[Wittrs] Re: When is "brain talk" really dualism?

  • From: "swmaerske" <SWMirsky@xxxxxxx>
  • To: Wittrs@xxxxxxxxxxxxxxx
  • Date: Wed, 02 Sep 2009 15:49:37 -0000

--- In Wittrs@xxxxxxxxxxxxxxx, "Cayuse" <z.z7@...> wrote:
>
> Stuart wrote:
> > Cayuse wrote:
> >> There is no experiencer of "subjective experience":
> >> 
> >> PI 398: "But when I imagine something, or even actually see objects, 
> >> I have got something which my neighbour has not." - I understand you. 
> >> You want to look about you and say: "At any rate only I have got THIS."
> >>  - What are these words for? They serve no purpose. -
> >
> > This is a reference to the use of ownership terms, ownership concepts. 
> > One cannot reference an experience as if it were a possession. 
> 
> An experience cannot be referenced at all, since there is no "referencer".
> 

That is a declaration, not an argument.

We are speaking here and in the preceding threads and Wittgenstein was speaking 
(writing, actually) in the citations you offer. Words don't speak themselves, 
nor write themselves, except in a Zen sense which is completely different than 
any ordinary use to which Wittgenstein repeatedly called us back!  


> 
> > But think about it: What grammar exists that reflects or enables us to 
> > speak of experience without an experiencer?
> 
> 
> By giving it by a name, experience, we make a 'thing' of it, and consequently 
> also call into existence whatever is not that 'thing' -- the conceived 
> "experiencer" and the relationsip between them, "experiencing". Experience, 
> experiencer, and experiencing arise in mutual relationship and 
> interdependence within "it". Once again we are beguiled by language into 
> squeezing "it" into a category of itself. To name it is to lose it. 
> 


It is a "thing" in language though not to be confused with what we mean by a 
physical thing (though "physical thing" is often the model we have in mind, the 
picture that seems to dominate, when we use the term "thing" -- but there is no 
reason it should, if we actually examine the myriad of linguistic uses -- think 
of the common phrase "that thing you do"). 
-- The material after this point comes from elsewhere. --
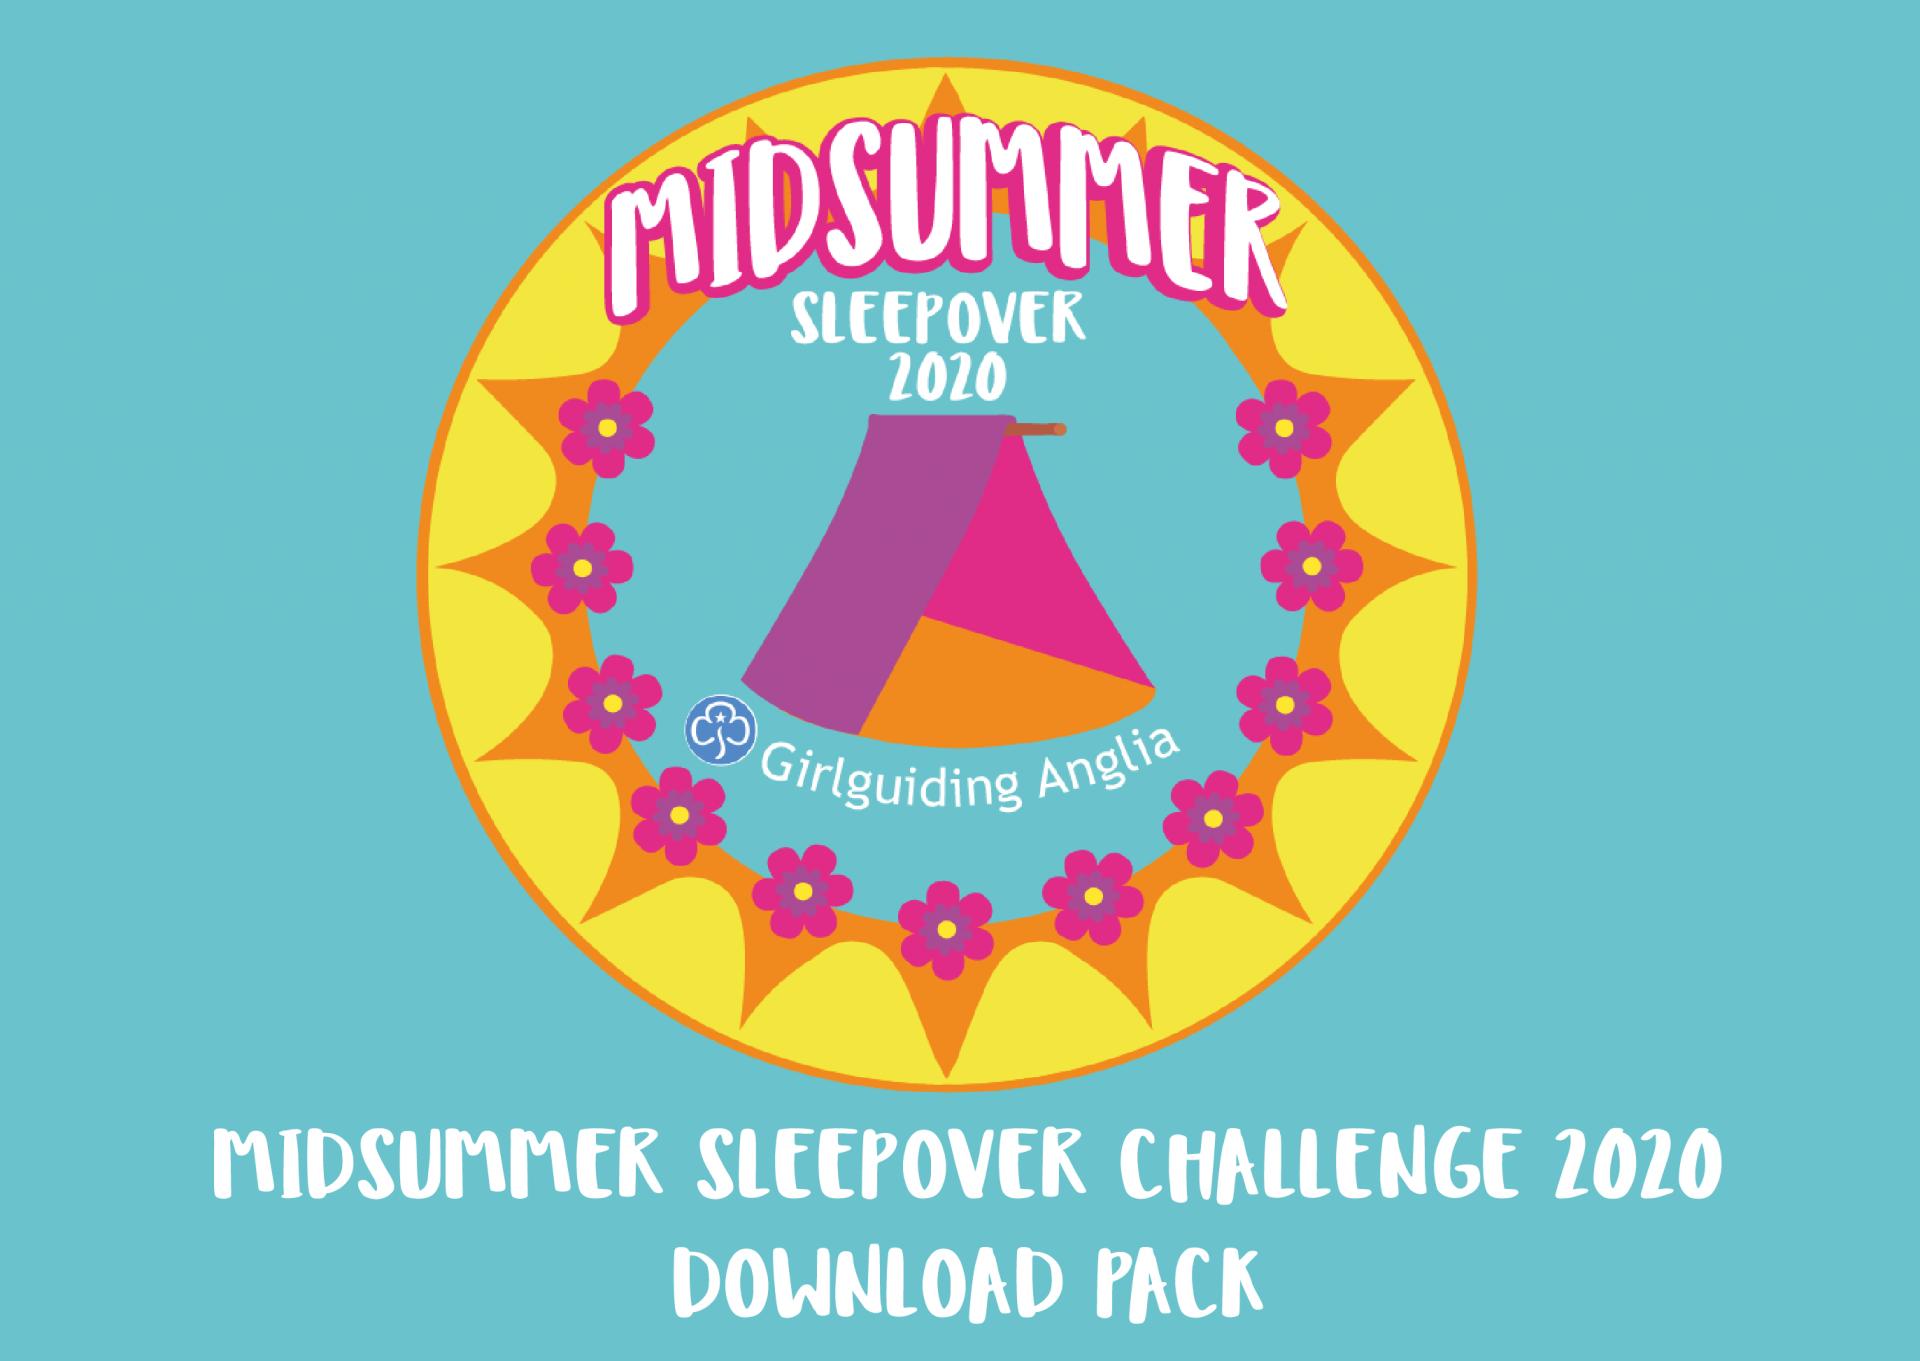 image relating to Midsummer Sleepover Challenge 2020 Download

We speak and think in language. What "beguiles" us is when we allow an 
inappropriate or irrelevant picture to dominate some use or other, i.e., when 
we take words out of their appropriate contexts and try to use them in an 
inappropriate one.

Think of "certainty". Philosophers for centuries have been obsessed with 
finding something, some claim of knowledge of which they can be certain. 
Without which they have felt we can have no knowledge at all, only supposition. 
But what does that mean?

When we are "certain" we usually mean we have a feeling about something or can 
cite some level of justification within a particular and very limited frame of 
reference to back up what we claim to be certain about. On a witness stand the 
lawyer cross examing me demands "but are you certain?" and I nod yes, believing 
the truth of what I have said about what I've seen.
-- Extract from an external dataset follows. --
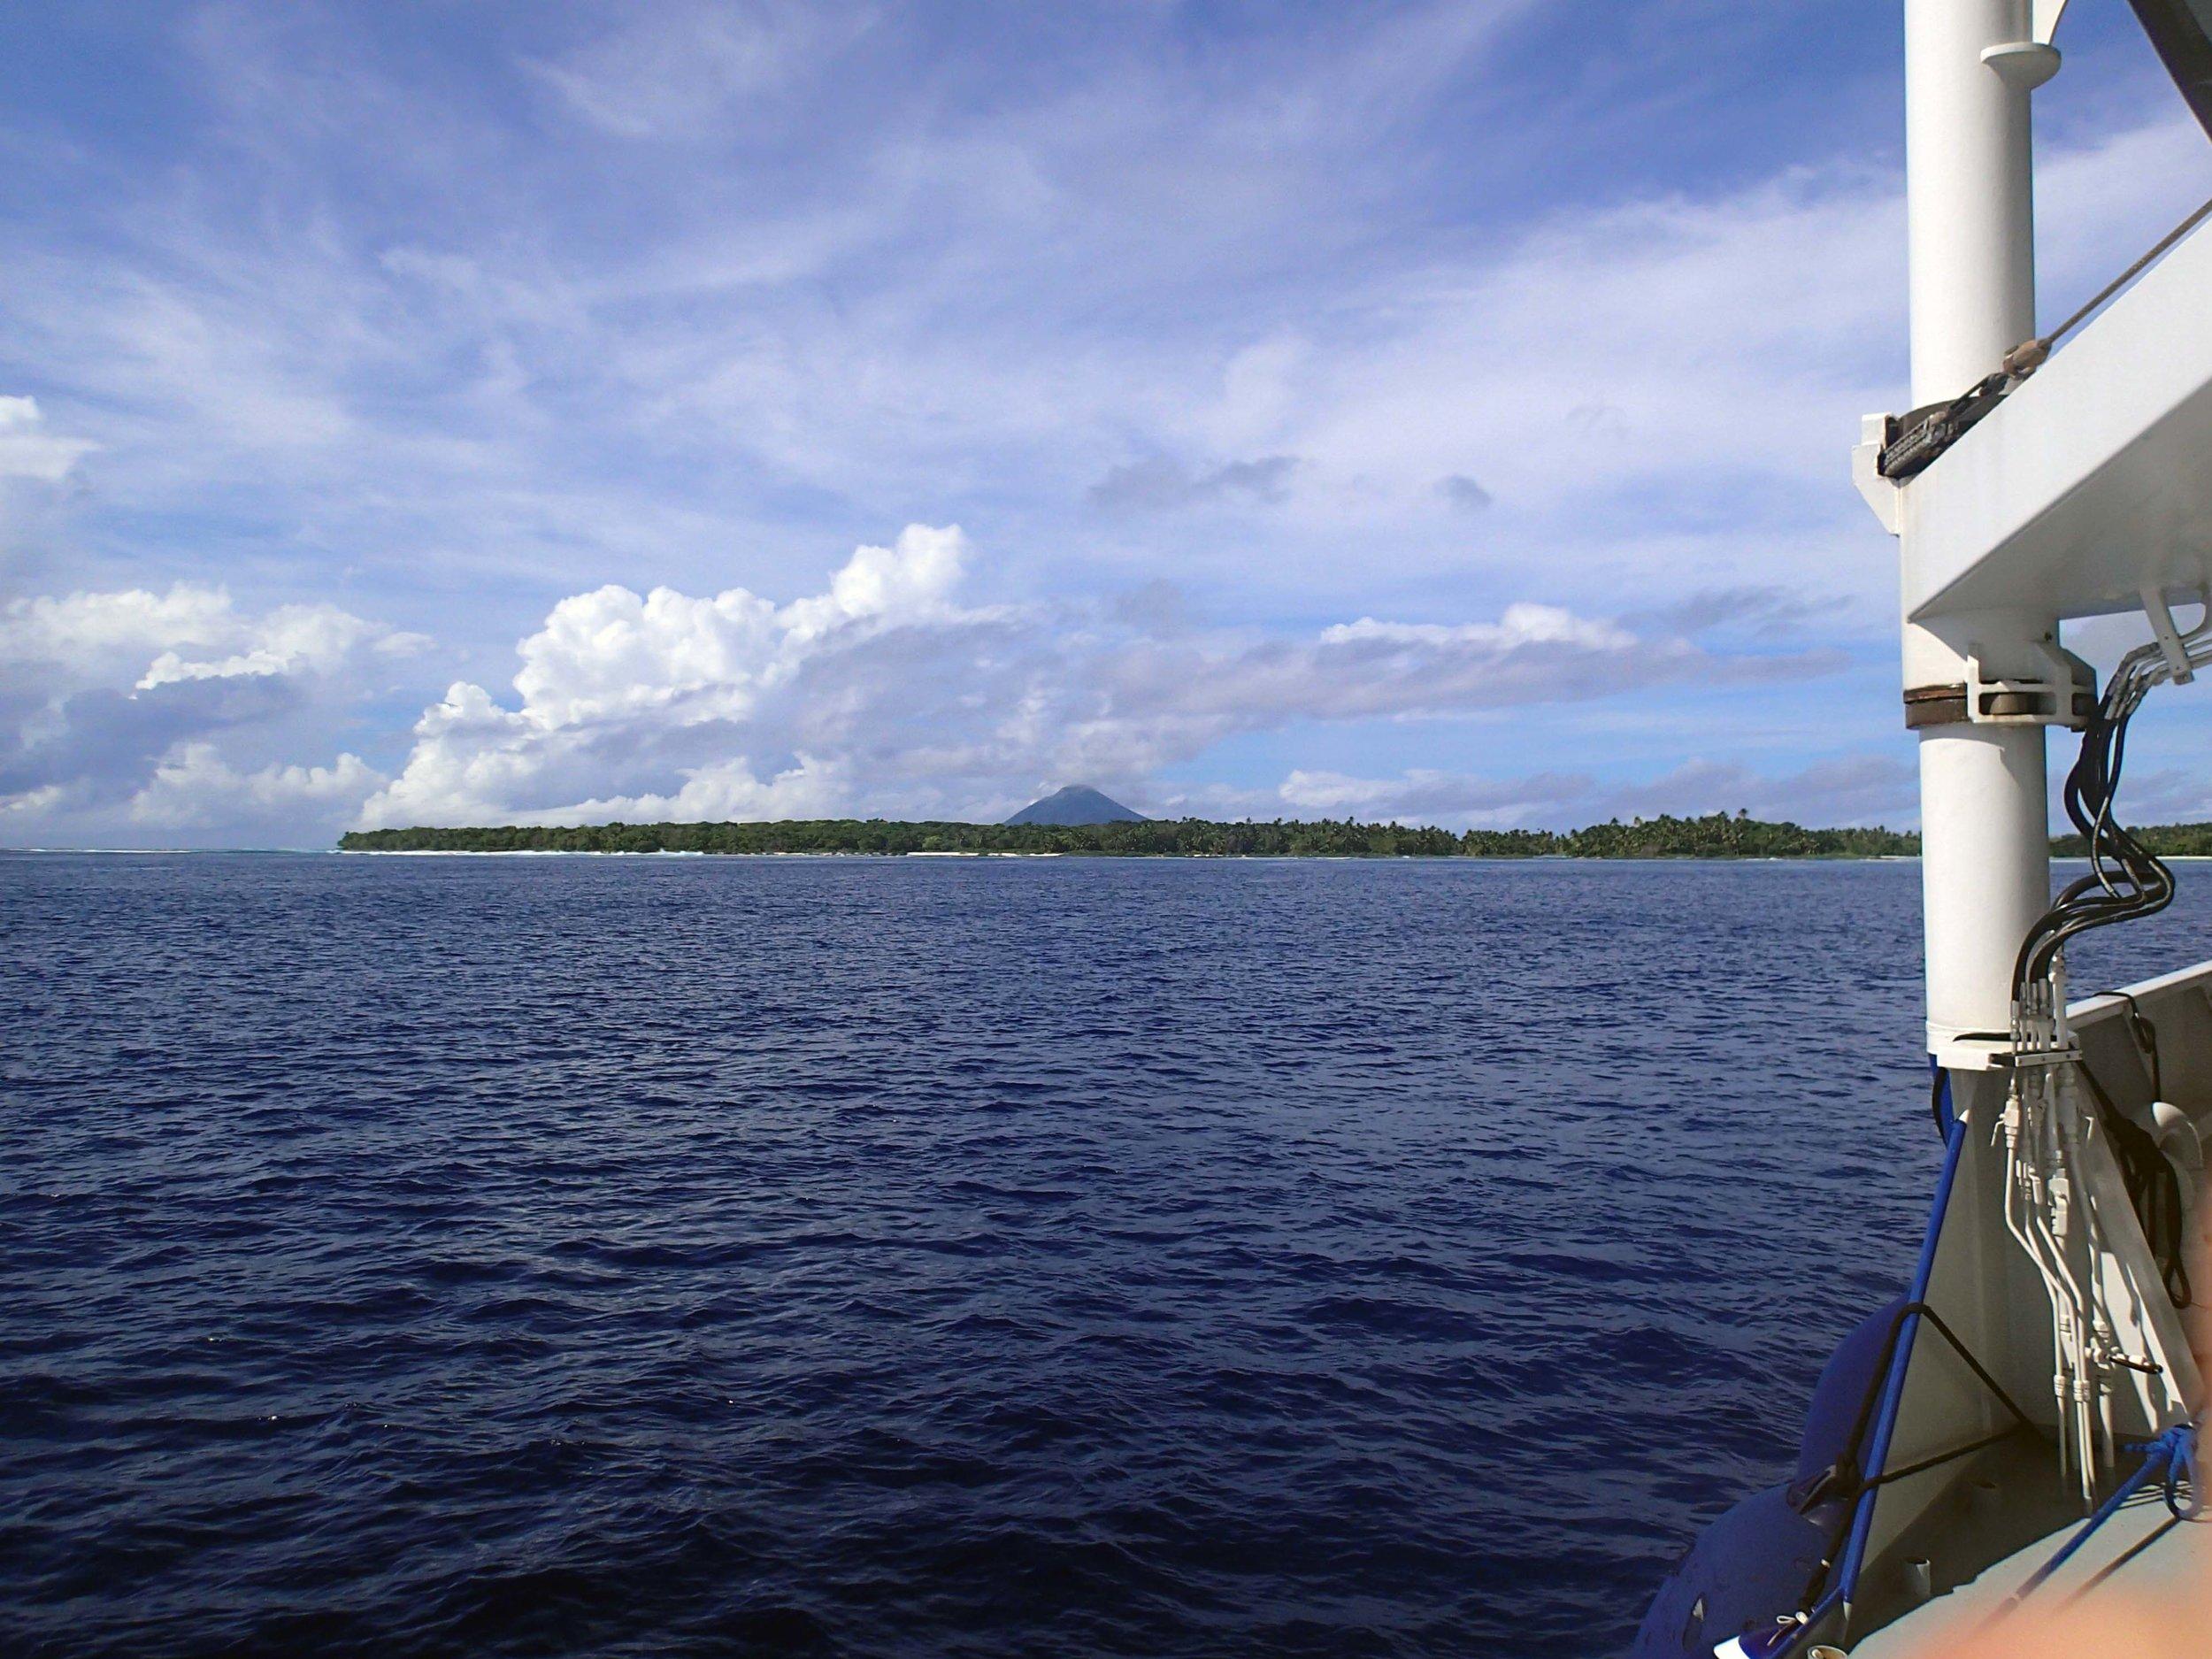 volcano near Niuatoputapu.jpg

But this is not a claim of ultimate certainty. I'm quite aware I could have 
been deceived in some manner, and I'm even willing to agree that I could be 
dreaming even as I answer the question. But THAT isn't what I mean when I 
answer "yes, I'm certain."

Philosophers want to know how can we be sure we know what we think we know? How 
can we guarantee that some claim of knowledge is really that, i.e., that it is 
true? But that isn't what we mean by "certain" in everyday life. We are certain 
about lots of things in lots of different ways. I'm certain I live on the earth 
in the city where I am now sitting, etc. I'm certain I am now typing on my 
keyboard to respond to you. I'm certain the world is round (more or less) and 
not flat. I'm certain that 2 and 2 make 4. All of these "certainties" I have in 
different ways and, in a sense, for different reasons (I would back them up 
differently). But I am certain of them all without expecting that my claim of 
certainty demands some level of apodictic surety that is beyond any possible 
challenge.

What "beguiles" us is when we think that lingusitic uses like such claims of 
certainty require something more, something on a level that enables us to 
forever be able to claim certainty, come what may. But THAT isn't what we mean 
by this term. When we think it is it is only because we've taken language on 
that holiday!       


> 
> > A corpse is not said to have experience because it has ceased to be 
> > animated. 
> > It has lost the capacity of being a subject, the capacity to have 
> > experience.
> 
> Such claims are nonsensical, since "subjective experience" (ugh!) is 
> non-empirical.
>

Again that is a declaration, not an argument, dependent on your insistence on 
substituting one notion of "subjective experience" (the one you are interested 
in and which nothing can be said about) with another (the one I have said again 
and again that I am interested in, about which we both agree there are things 
that can be said). This way will never get us to any kind of mutual 
understanding. We have already agreed to go our separate ways vis a vis these 
uses so applying your usage to my claim simply misses that point all over again.